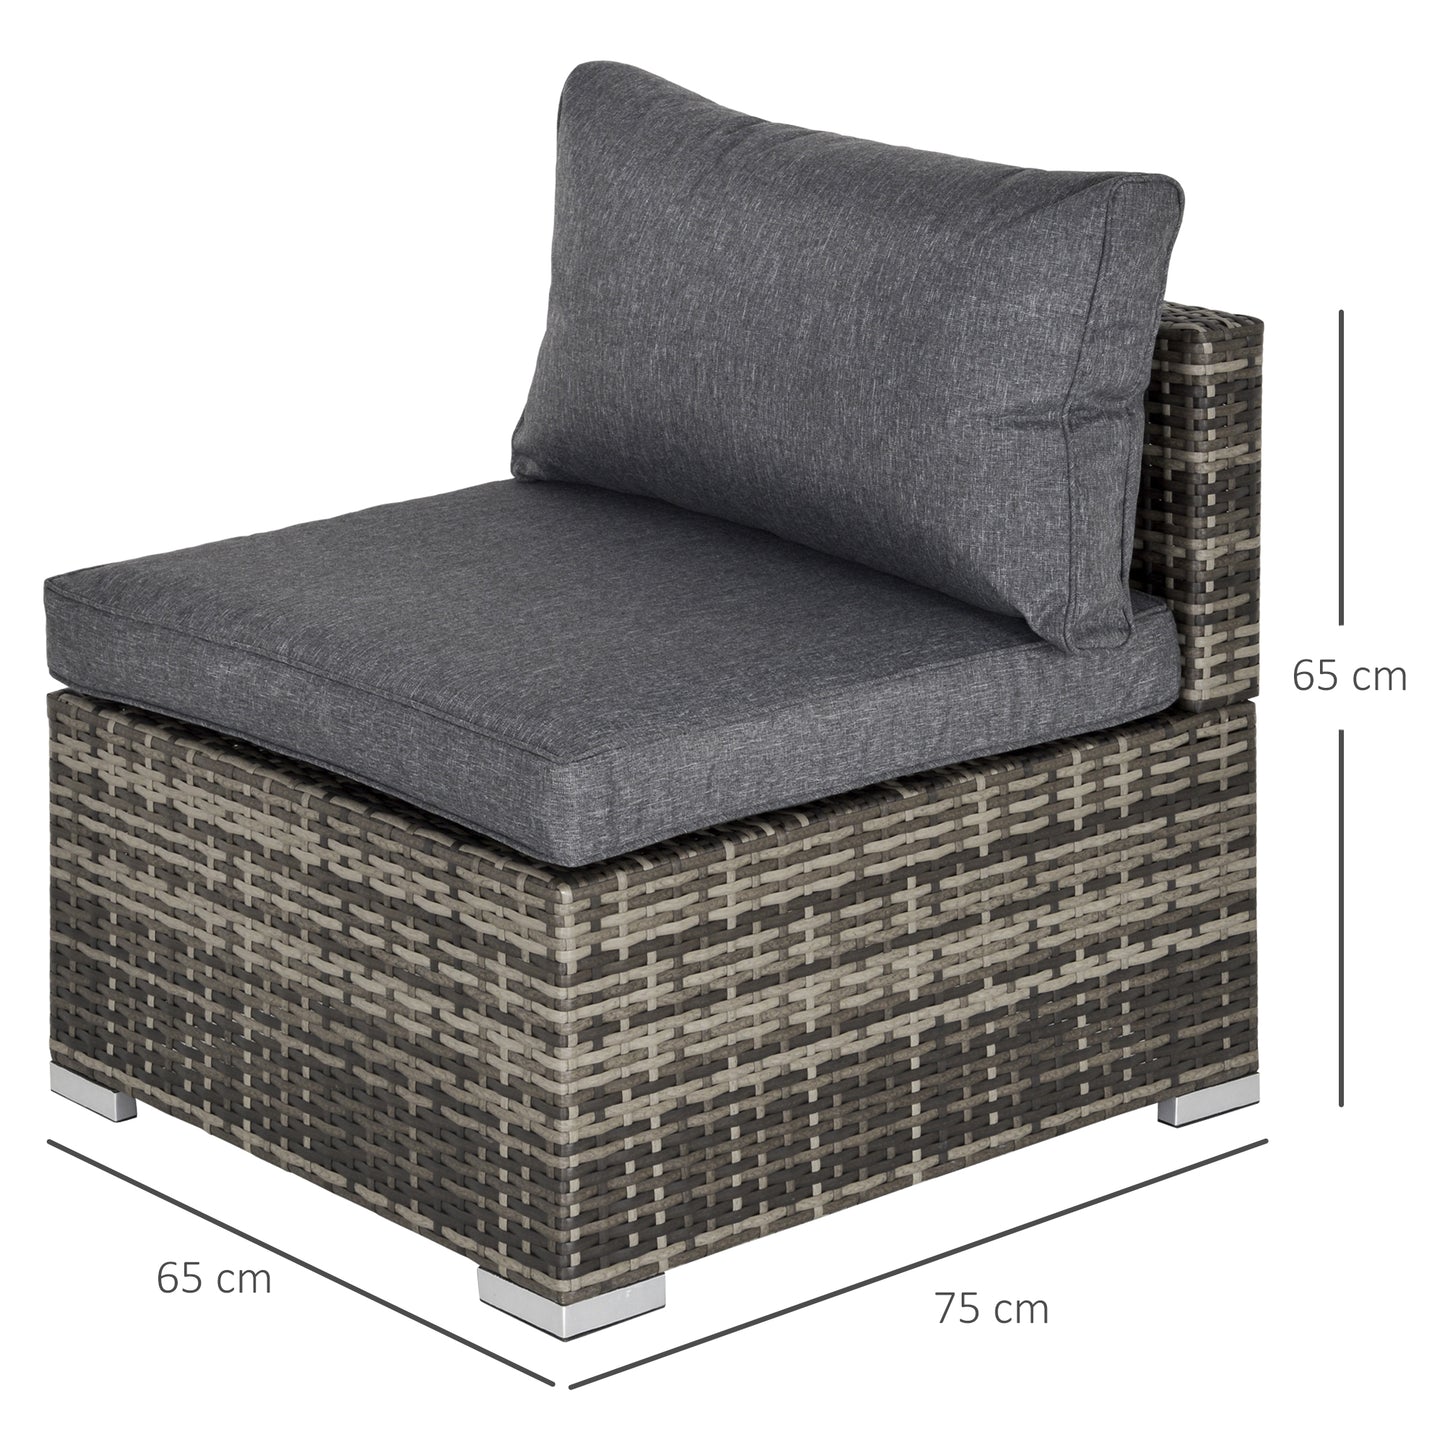 Outsunny Outdoor Garden Furniture Rattan Single Sofa with Cushions for Backyard Porch Garden Poolside Deep Grey w/
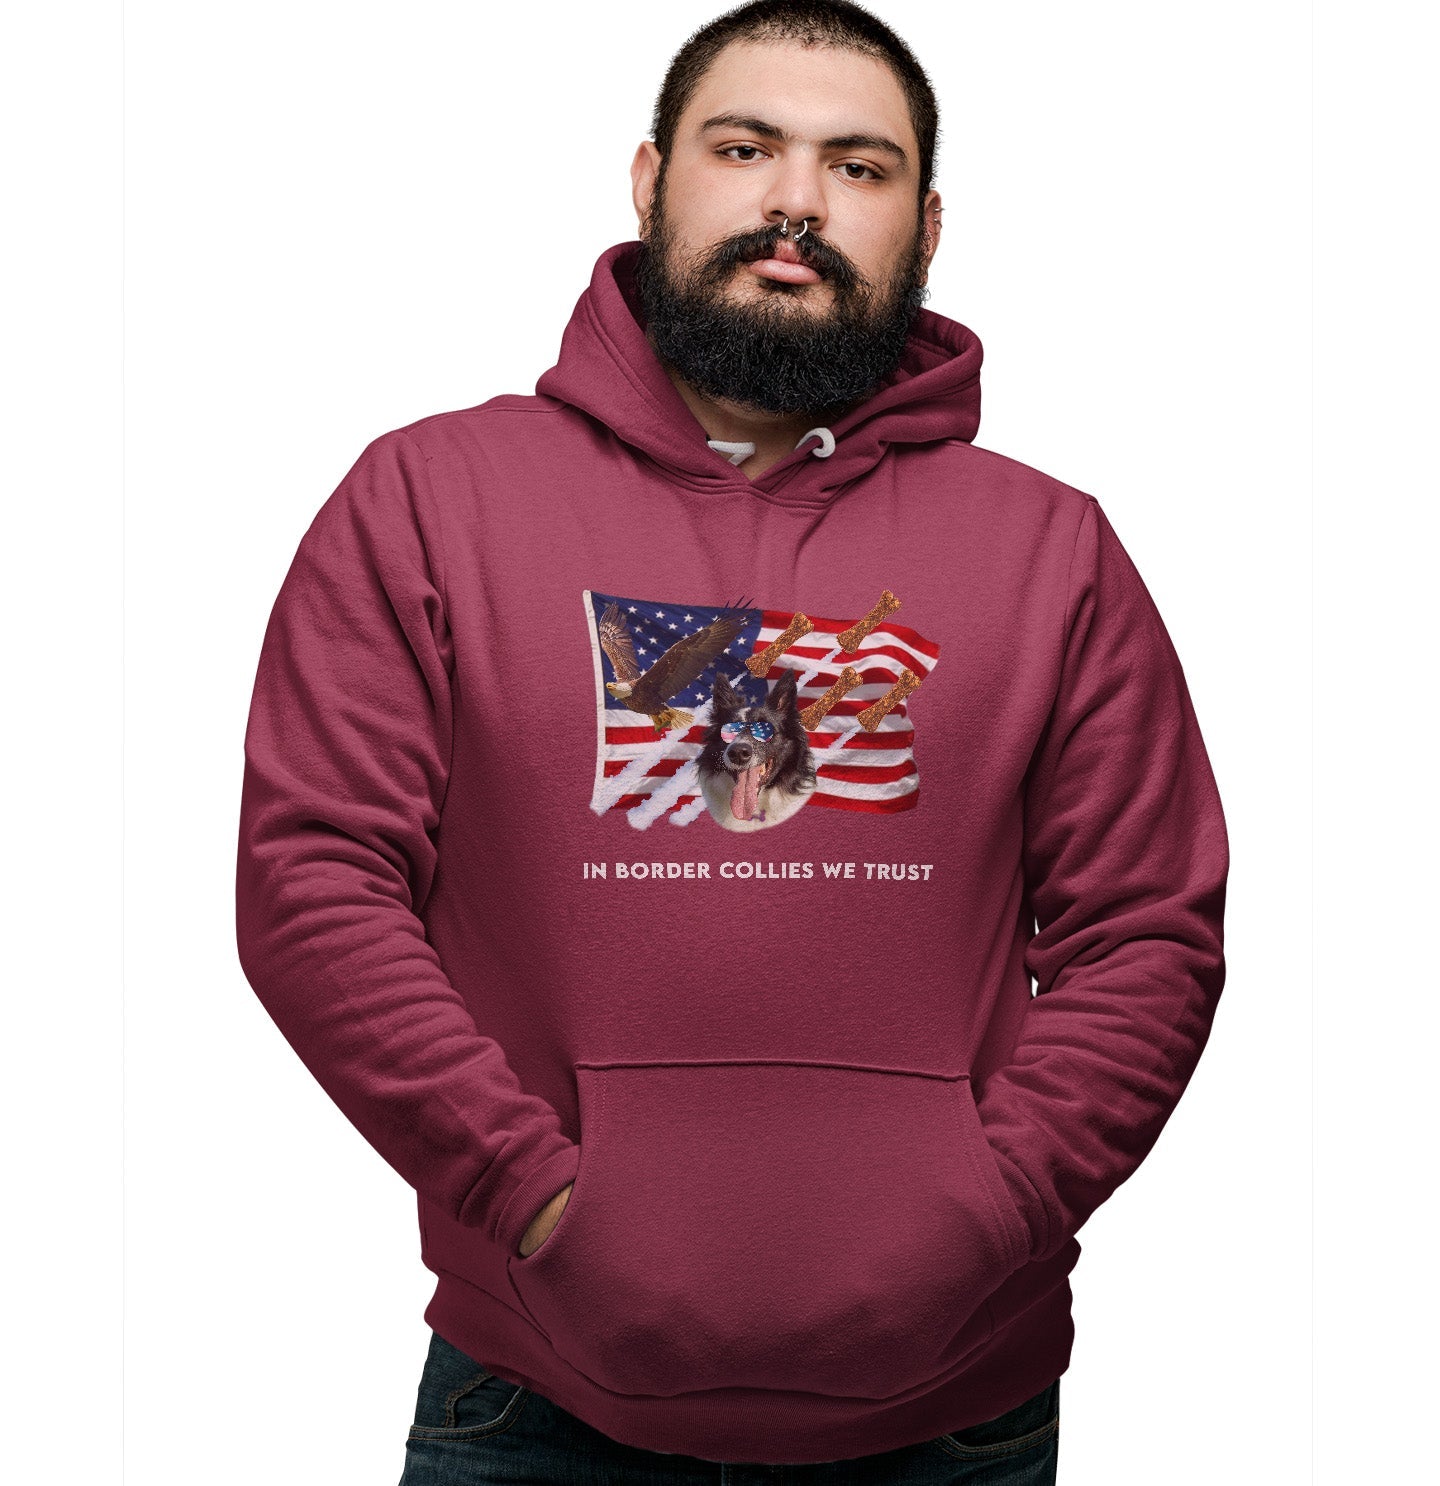 In Border Collies We Trust - Adult Unisex Hoodie Sweatshirt
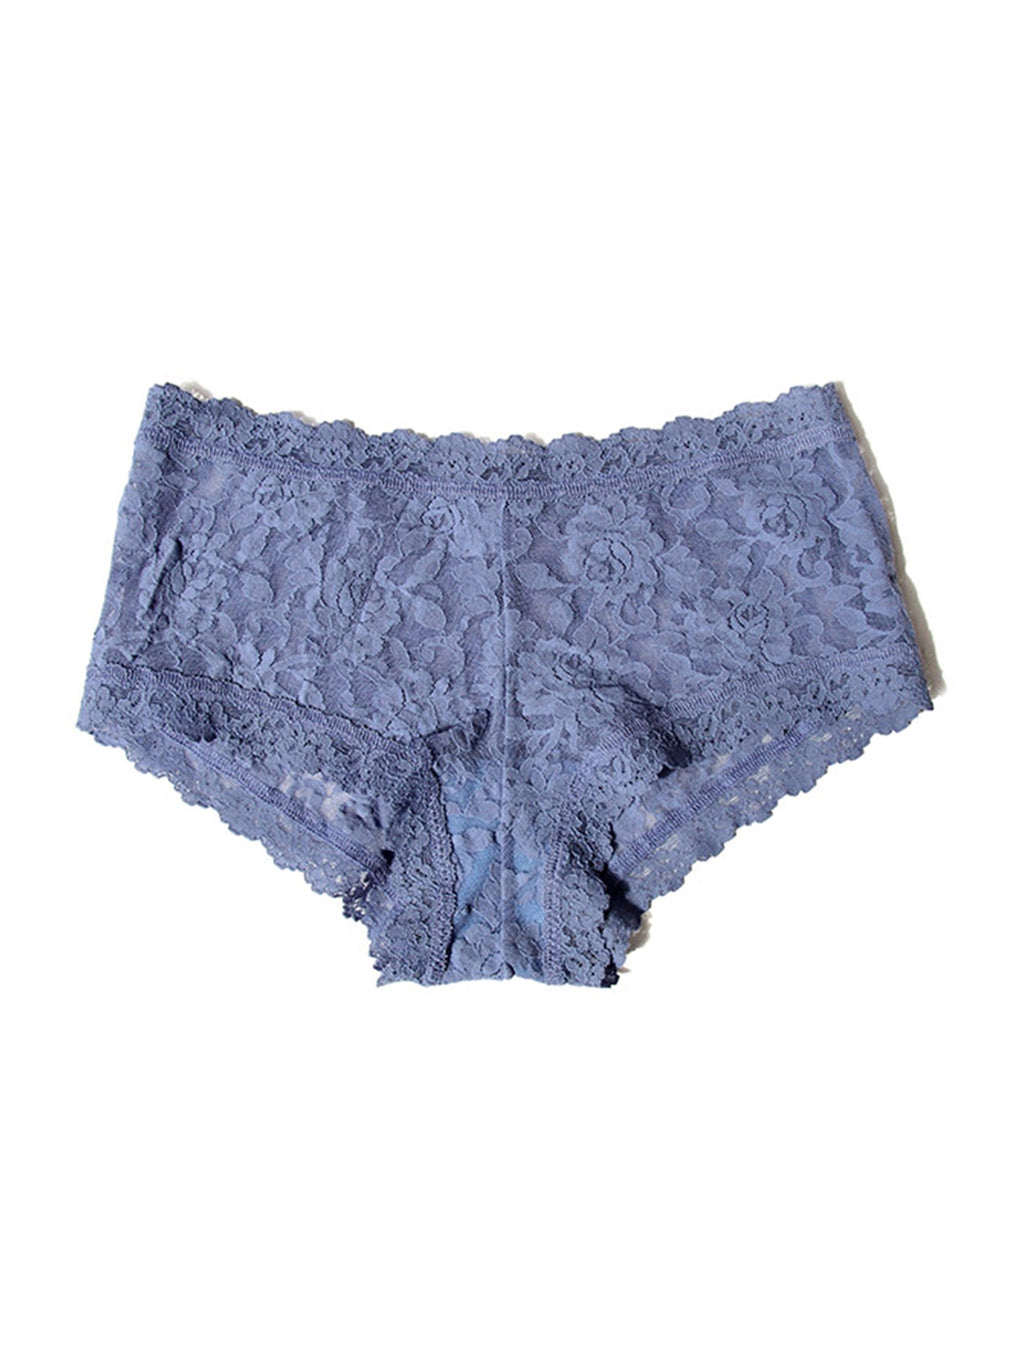 Hanky Panky Women's Signature Lace High Rise Boyshort Underwear, 481292 -  Macy's
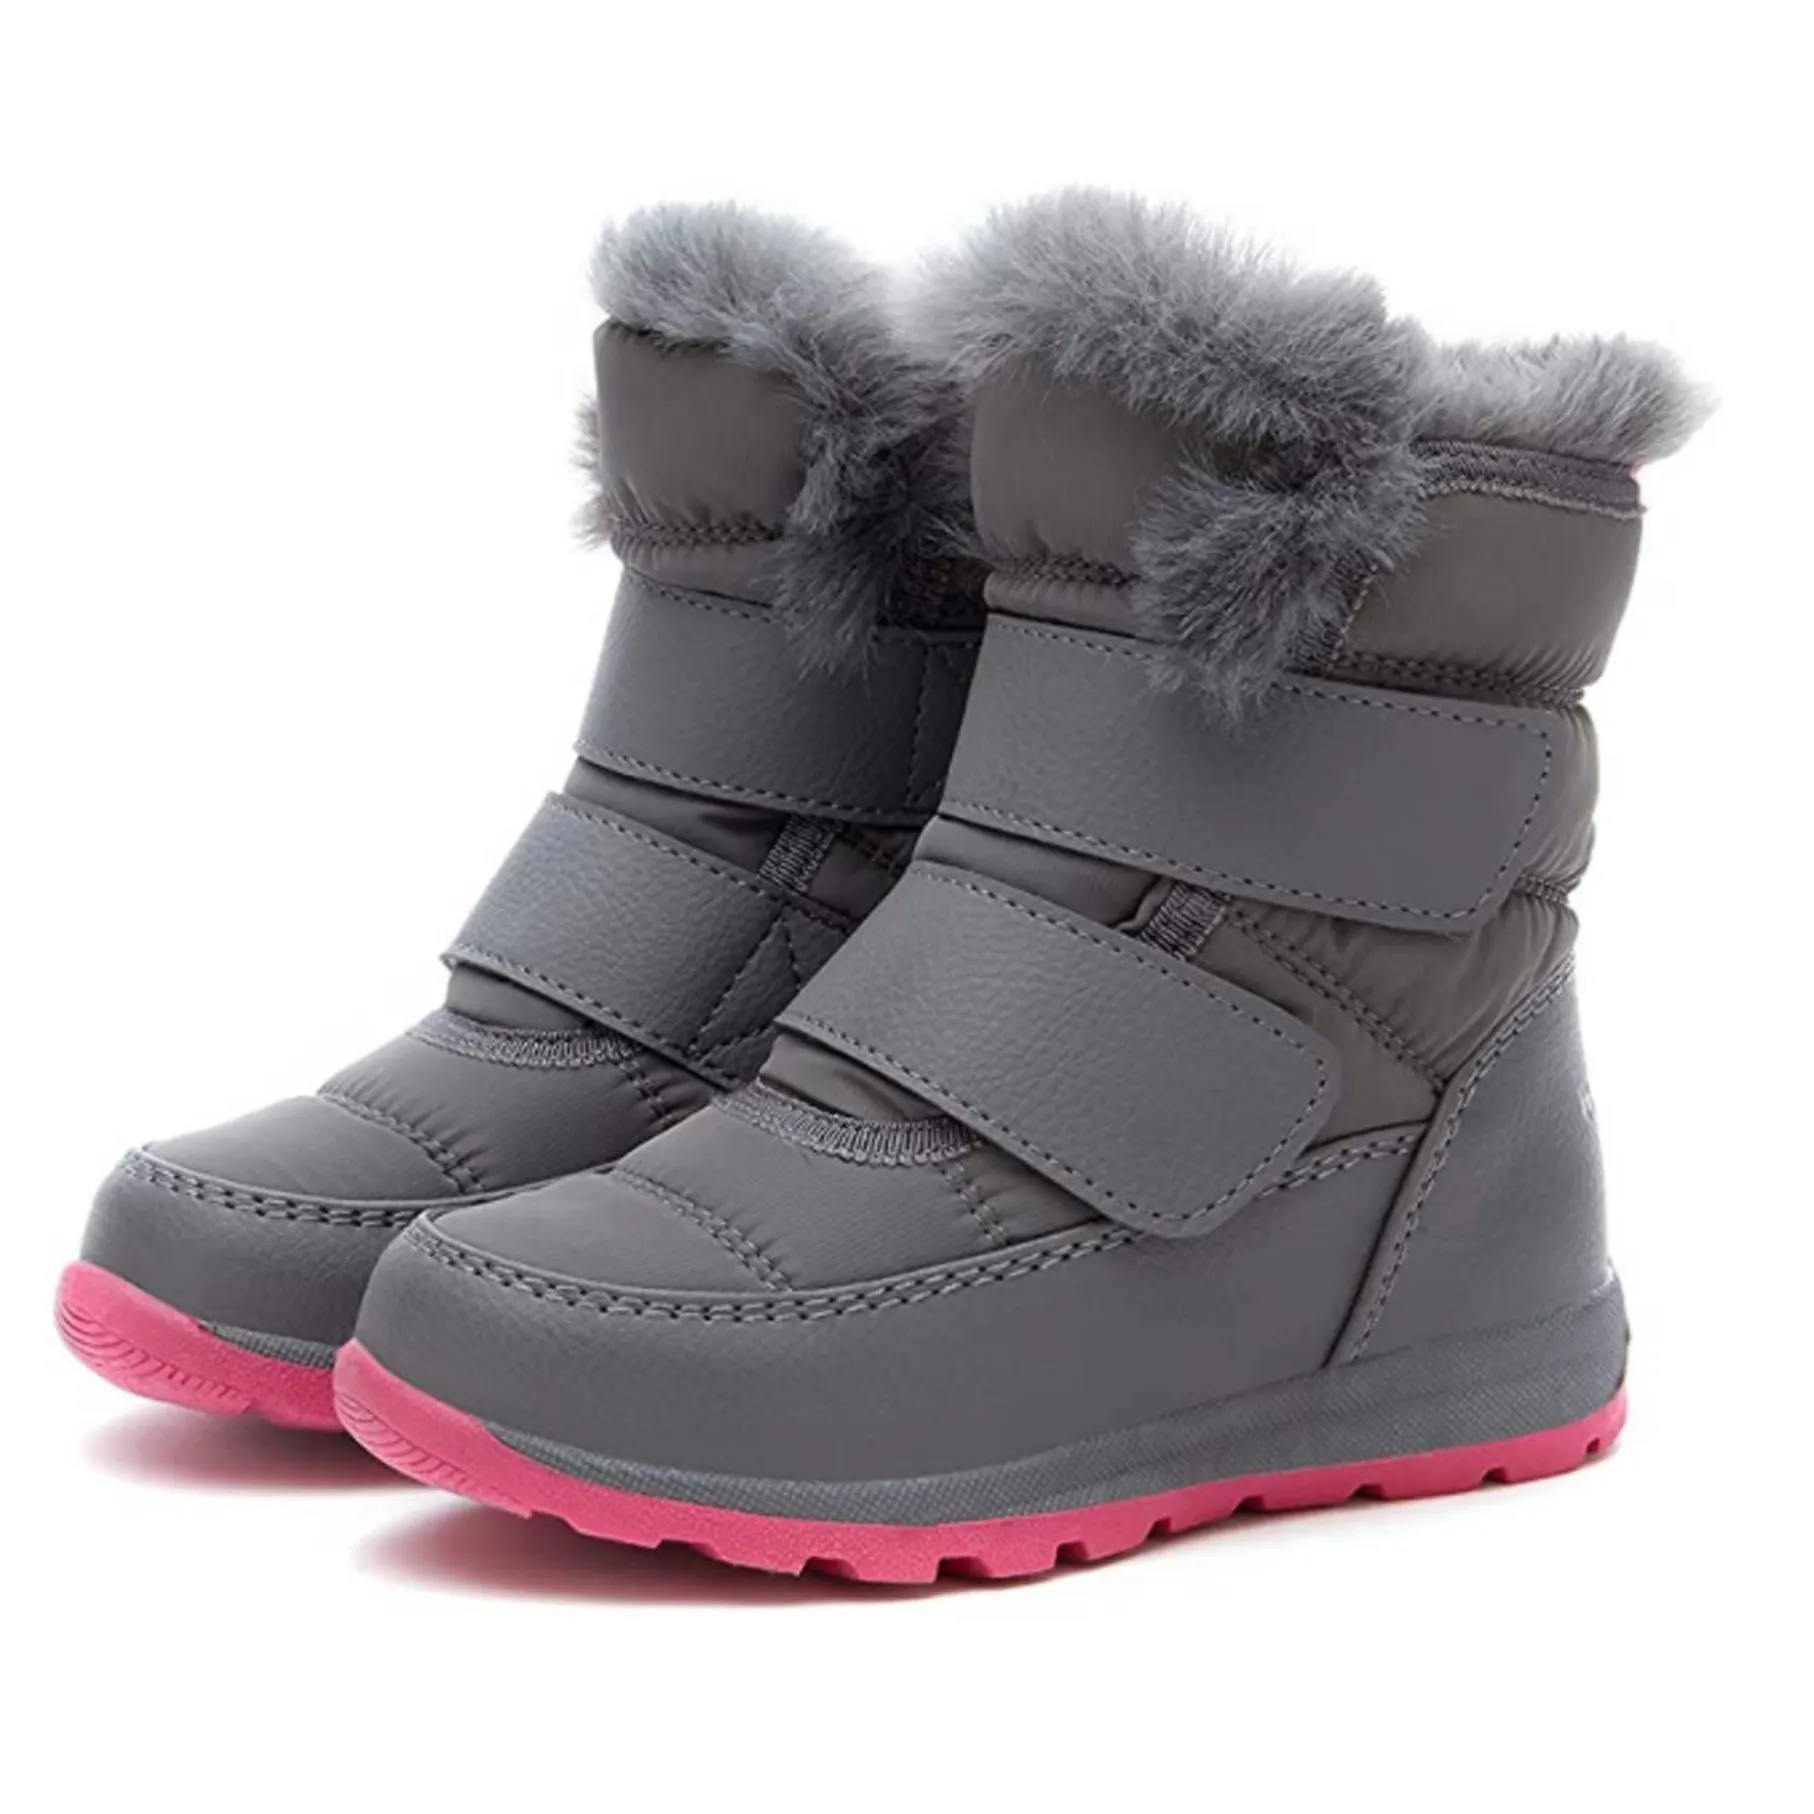 Kids waterproof Winter Snow Boots For Children warm Outdoor Footwear Shoes
━━━━━━━━━━
What is expected => Take the material above from its first line through the line holding "Hanky Panky Women's" and set it down exactly, without the pictures.

Answer for the task =>
 Outsunny Outdoor Garden Furniture Rattan Single Sofa with Cushions for Backyard Porch Garden Poolside Deep Grey w/
 In Border Collies We Trust - Adult Unisex Hoodie Sweatshirt
 Hanky Panky Women's Signature Lace High Rise Boyshort Underwear, 481292 -  Macy's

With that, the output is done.